Avec toutes sortes de précautions, il l’appliqua à l’endroit qu’il occupait antérieurement. Horreur ! le nez n’adhérait pas !… Il le porta à sa bouche, le réchauffa légèrement avec son haleine et de nouveau le plaça sur l’espace uni qui se trouvait entre les deux joues ; mais le nez ne tenait pas.

– Voyons, va donc, imbécile ! lui disait-il.

Mais le nez semblait être de bois, et retombait sur la table avec un bruit étrange, comme si c’eût été un bouchon. La face du major se convulsa.

– Est-il possible qu’il n’adhère pas ? se disait-il, plein de frayeur.

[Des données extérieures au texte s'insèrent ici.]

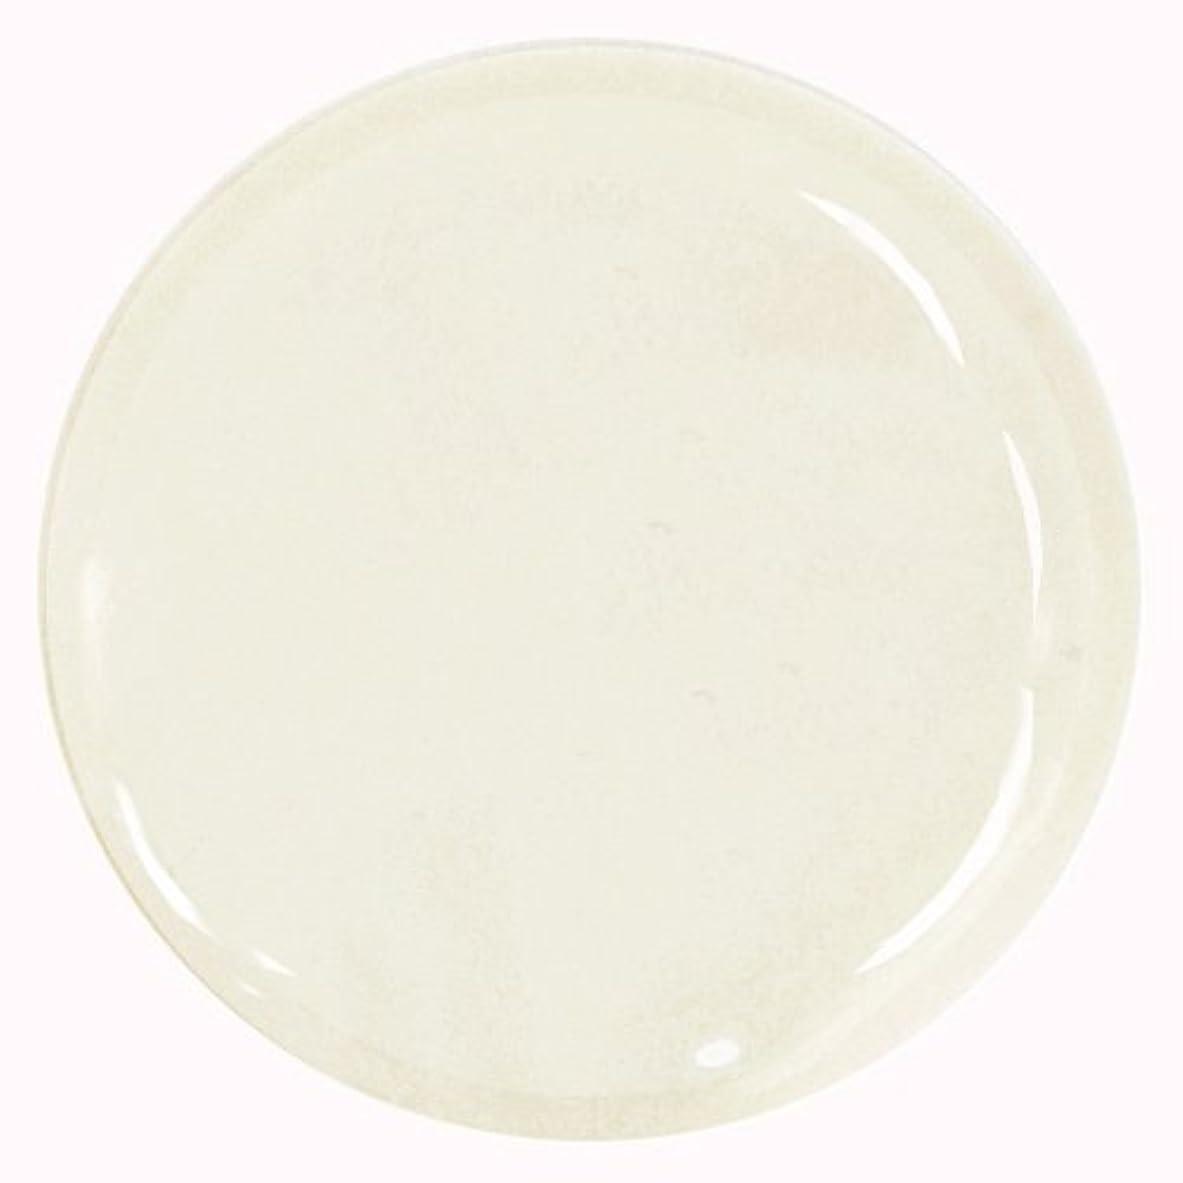 薬局東ティモール失態クリアジェル ソークオフジェル(3in1ソフトジェル)LED/UV 5g NC000

Mais il avait beau l’ajuster à la place qui était pourtant la sienne, tous ses efforts restaient vains.

Il appela Ivan et l’envoya chercher le médecin, qui occupait dans la même maison le plus bel appartement. Ce médecin était un homme de belle prestance, qui possédait de magnifiques favoris d’un noir de goudron, une femme jeune et bien portante, mangeait le matin des pommes fraîches, et tenait sa bouche dans une propreté extrême, se la rinçant chaque matin trois quarts d’heure durant, et se nettoyant les dents avec cinq espèces différentes de brosses. Le médecin vint immédiatement. Après avoir demandé au major depuis quand ce malheur lui était arrivé, il souleva son menton et lui donna une pichenette avec le pouce, juste à l’endroit qu’occupait autrefois le nez, de sorte que le major rejeta la tête en arrière avec une telle force que sa nuque alla frapper contre la muraille. Le médecin lui dit que ce n’était rien ; il l’invita à se reculer quelque peu du mur, puis, lui faisant plier la tête à droite, tâta l’emplacement du nez et poussa un « hum ! » significatif ; après quoi, il lui fit plier la tête à gauche, poussa encore un « hum !» et, en dernier lieu, lui donna de nouveau une chiquenaude avec son pouce, si bien que le major Kovaliov sursauta comme un cheval dont on examinerait les dents. Après cette épreuve, le médecin secoua la tête et dit :

– Non, cela ne se peut pas. Restez plutôt tel quel, parce qu’il vous arriverait pis peut-être. Certes, on peut le remettre tout de suite, mais je vous assure que le remède serait pire que le mal.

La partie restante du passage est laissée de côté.